В этих законах и положениях прописываются очень серьезные изменения. Во-первых, новые документы сориентированы на организацию паллиативной помощи в первую очередь на дому (большинство людей, длительно болеющих, конечно, хотят быть дома). Во-вторых, по этому документу - и это очень важное нововведение - необходимость паллиативной помощи должна распознаваться еще в первичном звене - в поликлиниках, в ФАПах (фельдшерско-акушерских пунктах), у ВОПов (врачей общей практики). "Нашего" пациента, чтобы он вовремя начал получать необходимую помощь, должен вовремя научиться распознать и маршрутизировать врач-терапевт или фельдшер, обычно реально знающий на своем небольшом участке каждого ребенка и каждую старушку. Этот человек вместо охов "ой, у меня бабуся слегла, теперь ее никакая больница не возьмет" должен научиться определять, какая этой бабусе нужна медпомощь и какая социальная услуга. Да, он лишь фельдшер, но он же понимает, когда молодую беременную женщину пора направить в роддом. Точно так же он должен понять, когда тяжело больной старушке нужно обезболивание, когда сестринский уход, а когда - хоспис.
И третье достижение - такой подход создает возможности для доступной паллиативной помощи в малонаселенных местах, где нет стационаров и выездных бригад и раньше люди просто умирали без помощи, без конца вызывая для временного облегчения боли все ту же "скорую".
В новом законодательстве есть недостатки?
Нюта Федермессер: В нем не прописаны критерии маршрутизации. Какой пациент куда должен быть направлен после выявления потребности в паллиативной помощи. У нас не то что в деревнях, в Москве не знают, кого направить в хоспис, кого на койку сестринского ухода, а кого правильнее обслуживать на дому, и главное - почему. Эта маршрутизация должна основываться на четких принципах. Надо учитывать и желание пациента и его близких; понимать, есть ли те, кто может оказать уход дома; принимать во внимание и тяжесть заболевания, и состояние самого человека. При хорошем уходе, если заболевание не прогрессирует, помощь может обернуться долгими годами жизни.
Четко прописанные критерии маршрутизации - кого, куда и почему направлять - гарантия того, что человек начнет получать паллиативную помощь вовремя и в нужном объеме.
Паллиативная помощь одновременно и медицинская, и социальная - это легко сочетать?
Нюта Федермессер: Не очень. Дело в том, что социальная услуга в России оказывается по запросу. Минтруд "круто" устроился: пока человек не попросит, он ничего и не получит. Попросить за него, правда, может кто угодно, даже соседи. Но мы же не всегда готовы лезть в чужую жизнь, и скорее всего мы по привычке вызовем к переломанному, голодному, одинокому старику полицию или "скорую", а не в соцзащиту пойдем.

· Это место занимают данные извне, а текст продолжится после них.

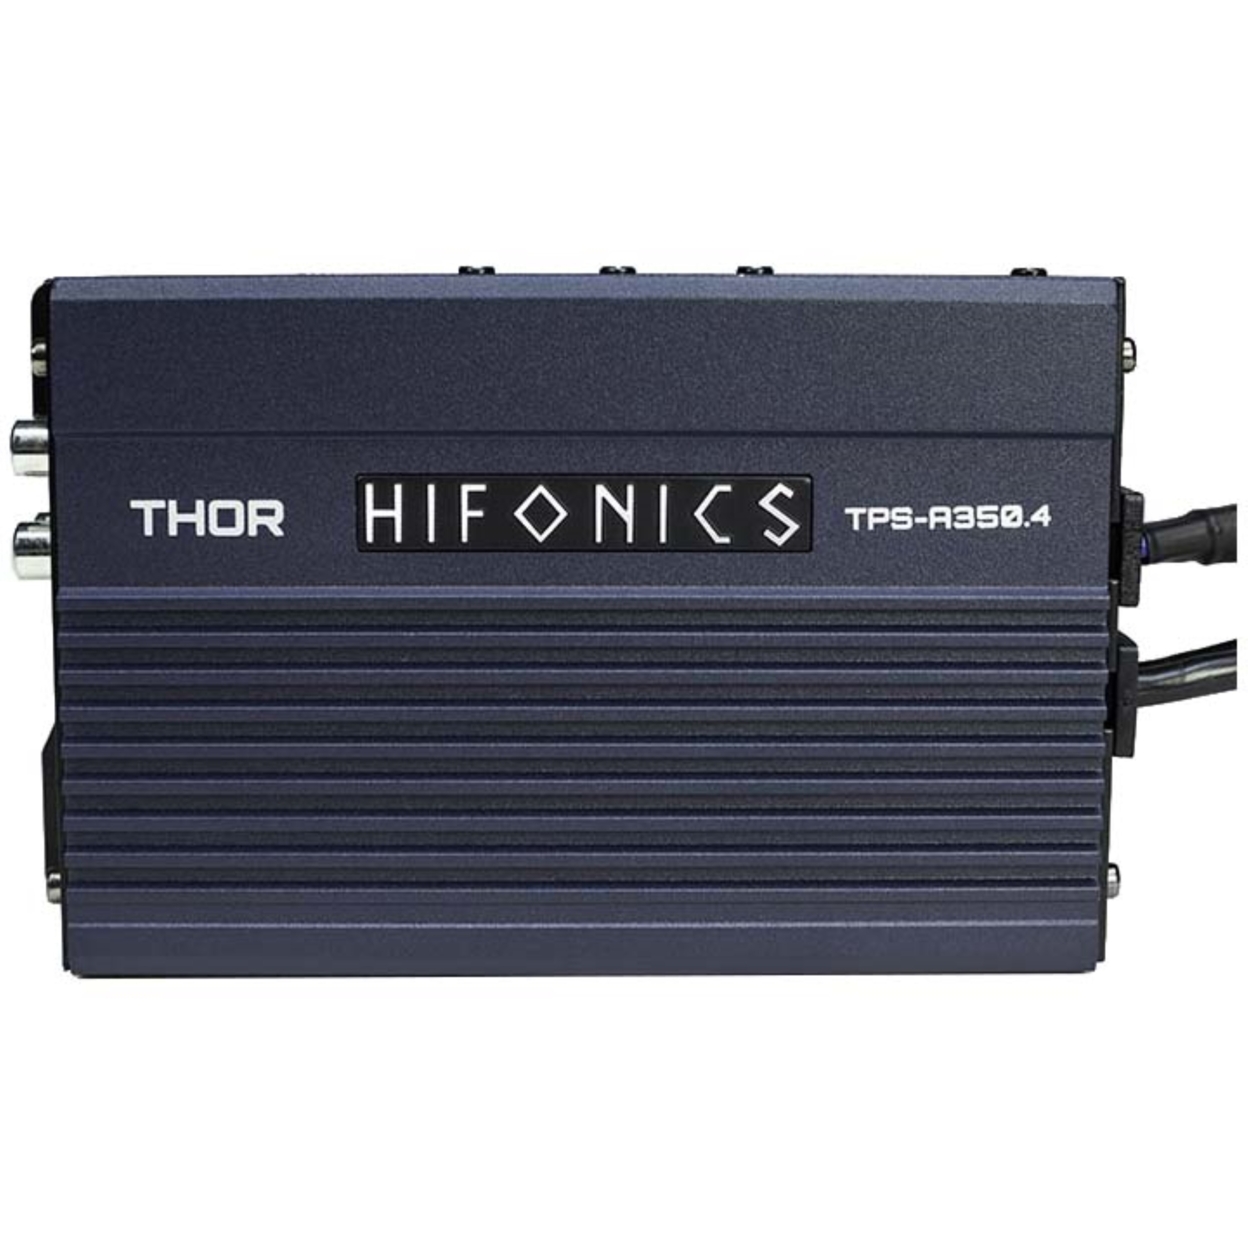 Hifonics TPS-A350.4 THOR Series 350W Class-D 4-Channel Powersports Amplifier

Теперь по новому закону медицинские организации, оказывающие паллиативную помощь, обязаны проинформировать органы соцзащиты о своем пациенте. И направить им информацию о том, какая социальная помощь ему необходима.
А органы соцзащиты теперь обязаны в очень короткий срок принять решение об объемах социальной услуги, показанной нашему пациенту. Они больше не могут развести руками: "пациент к нам не обращался", за него теперь обязаны обращаться медики. "Прописав" пациенту все необходимые меры социальной поддержки, социальная служба должна еще и проинформировать его о том, что ему положено.
Медицинская организация в случае признания пациента нуждающимся в паллиативной помощи заполняет форму 88 - направление на медико-социальную экспертизу для получения инвалидности. Мы в Москве провели опрос по всем больницам, где есть пациенты, получающие паллиативную помощь, и выяснили, что 47 процентов из них юридически не являются инвалидами. Не успели заняться оформлением инвалидности, а значит, не получают законных льгот. И тут речь не о льготах на бесплатный проезд или жилье, а об ИПРА - индивидуальной программе реабилитации и абилитации, в которую вписывается все, что человеку как инвалиду положено: и коляска, и корсеты, и ортопедическая обувь, и услуги - обучение, отдых, помощь по дому. "Нашим" пациентам показаны абсорбирующее белье, пеленки, подгузники, стульчак, инвалидное кресло, функциональная кровать, противопролежневый матрас. Имея возможность из денег соцзащиты снабдить его всем этим на дому, мы резко уменьшаем количество госпитализаций. Люди, поверьте, хотят болеть дома - при поддержке выездной медицинской службы. Надо исключить стационар как возможность меньше тратить денег. Новый закон позволяет нам все для этого сделать.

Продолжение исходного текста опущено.